Task to complete
Starting with the line that has "Kardos Dessert Wine" in the records below and stopping after the line that has "Happy Planner Mystery Sticker Book Bundle", output every line exactly and nothing else; skip pictures.

Supplied material

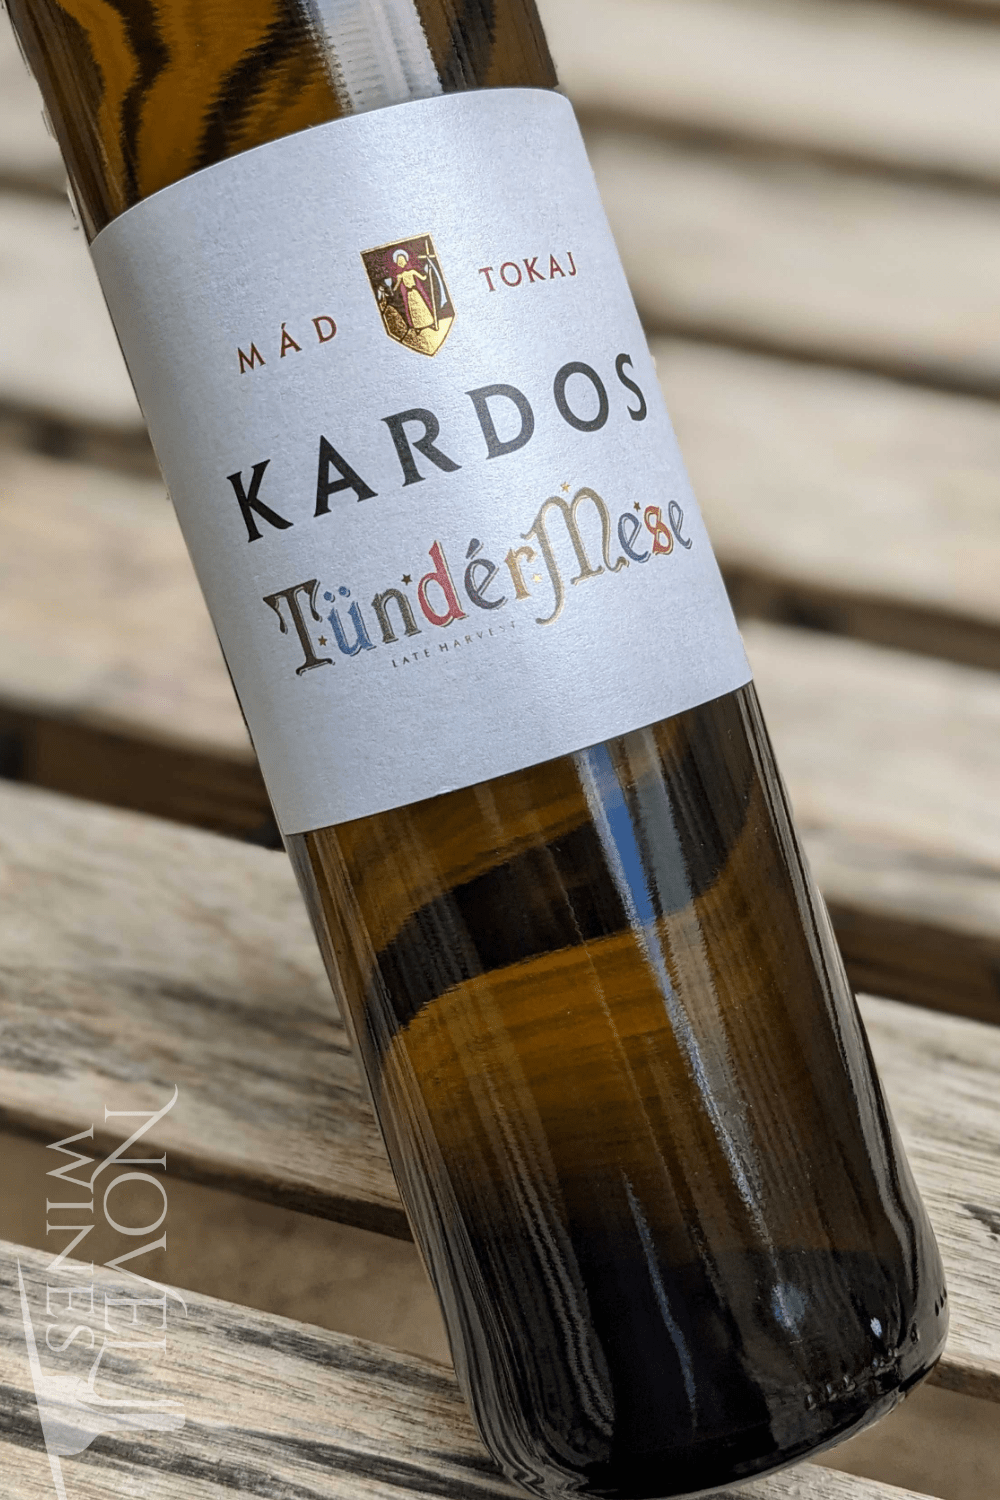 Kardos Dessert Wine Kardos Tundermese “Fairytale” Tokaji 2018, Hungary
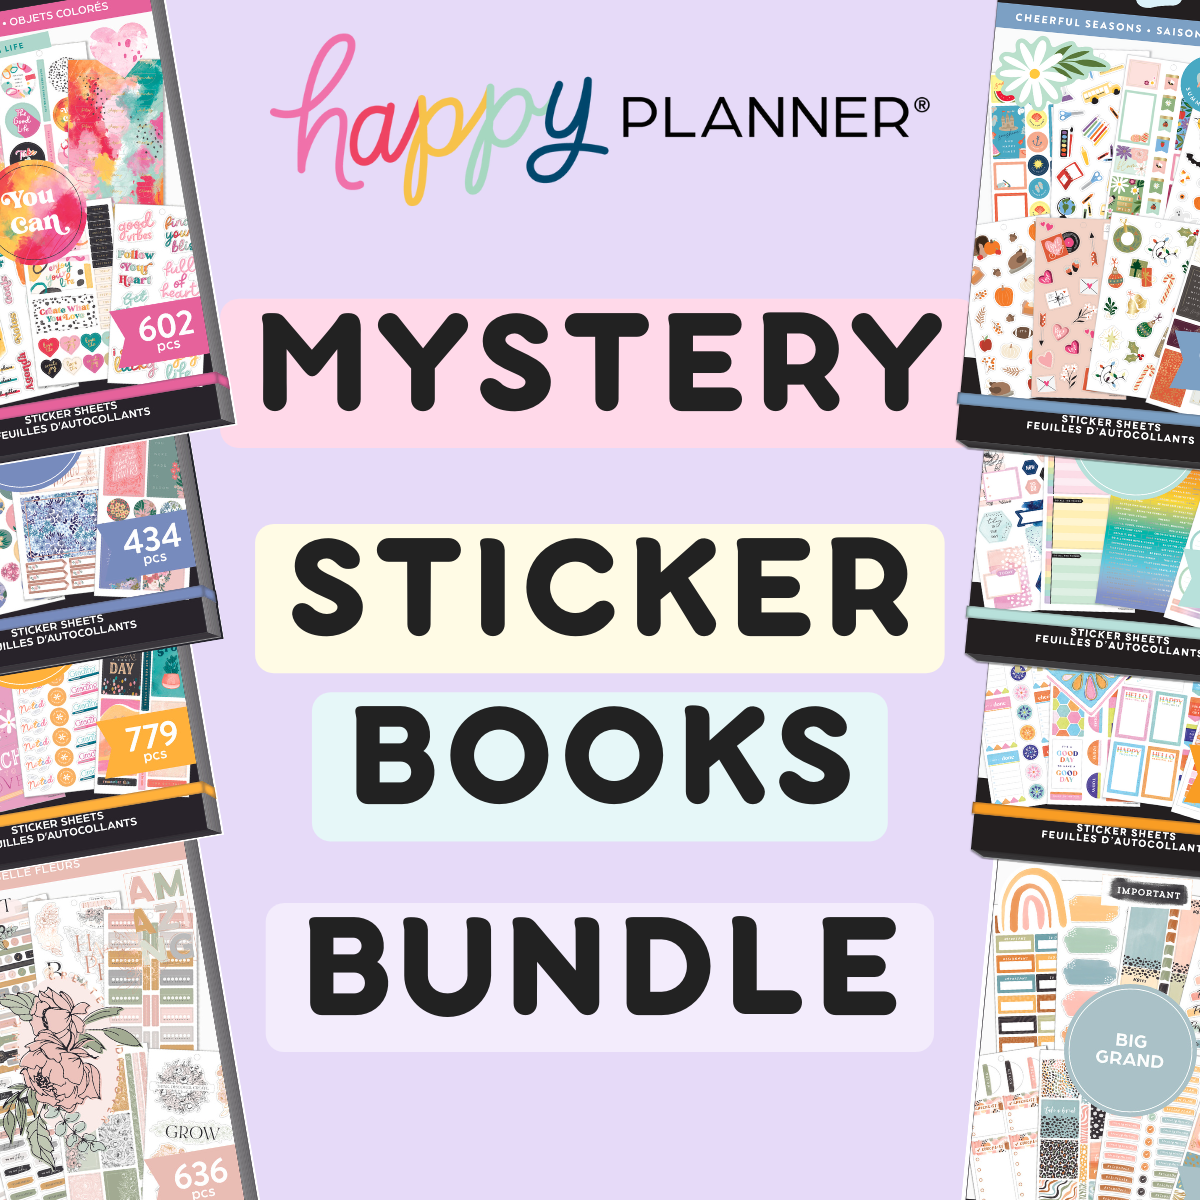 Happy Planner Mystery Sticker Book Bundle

...

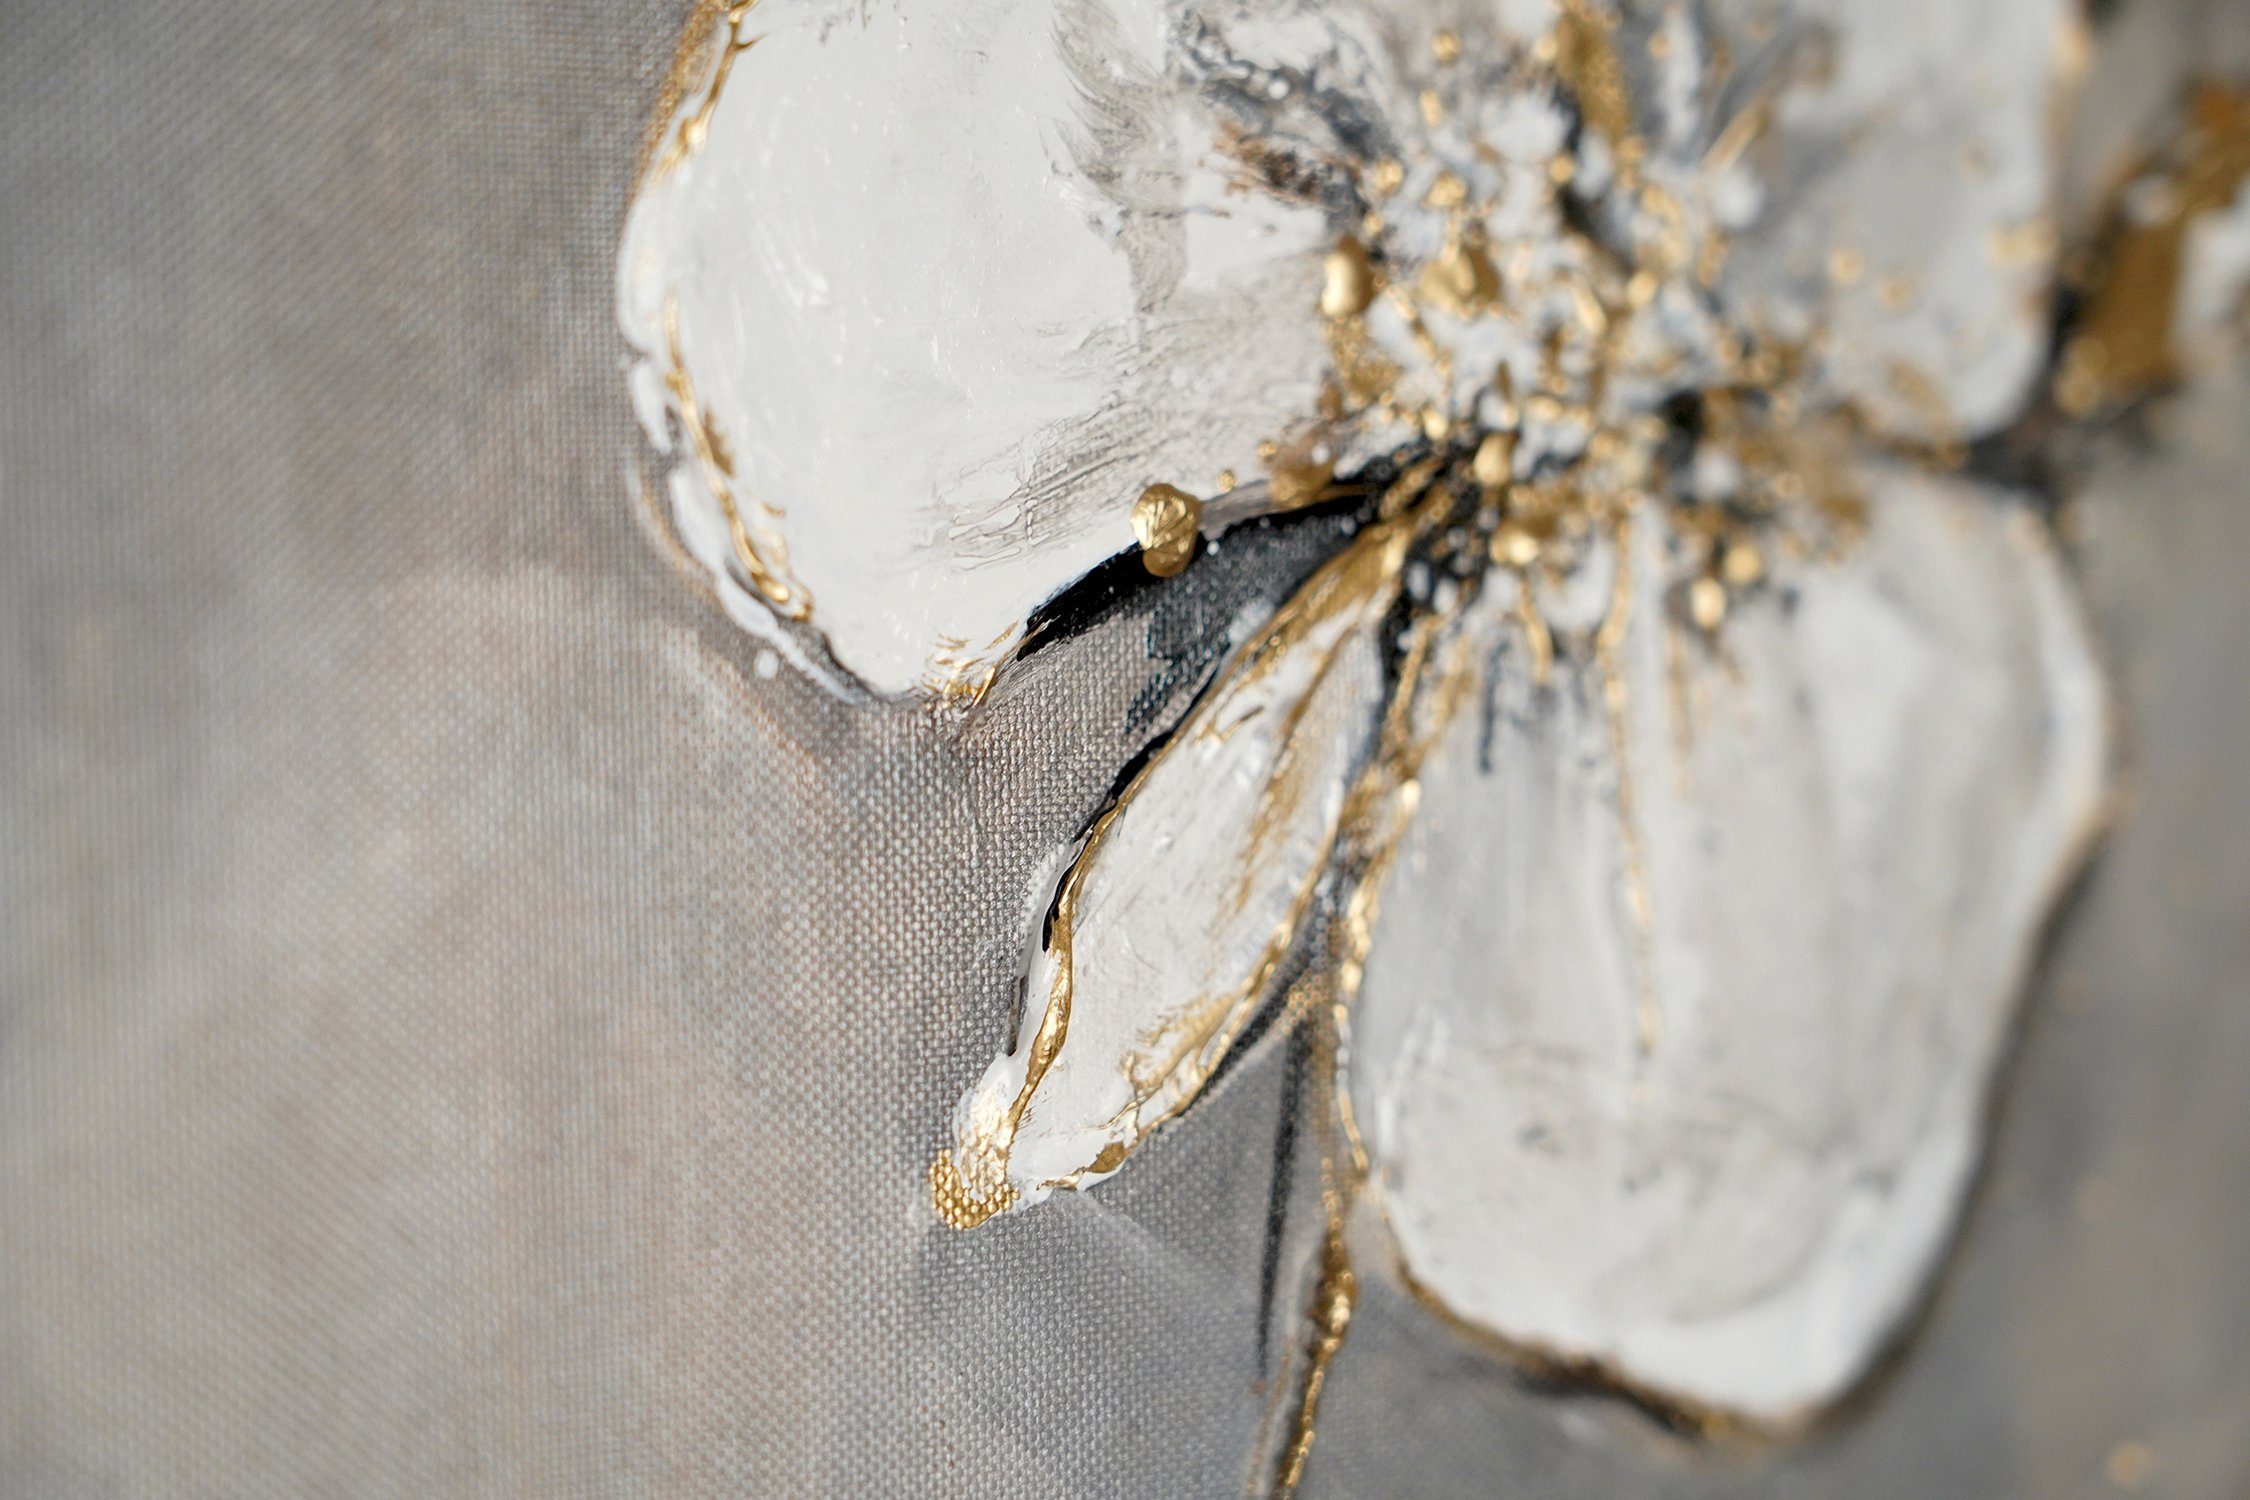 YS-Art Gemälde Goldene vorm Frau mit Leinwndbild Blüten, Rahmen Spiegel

Response to this task
 Kardos Dessert Wine Kardos Tundermese “Fairytale” Tokaji 2018, Hungary
 Happy Planner Mystery Sticker Book Bundle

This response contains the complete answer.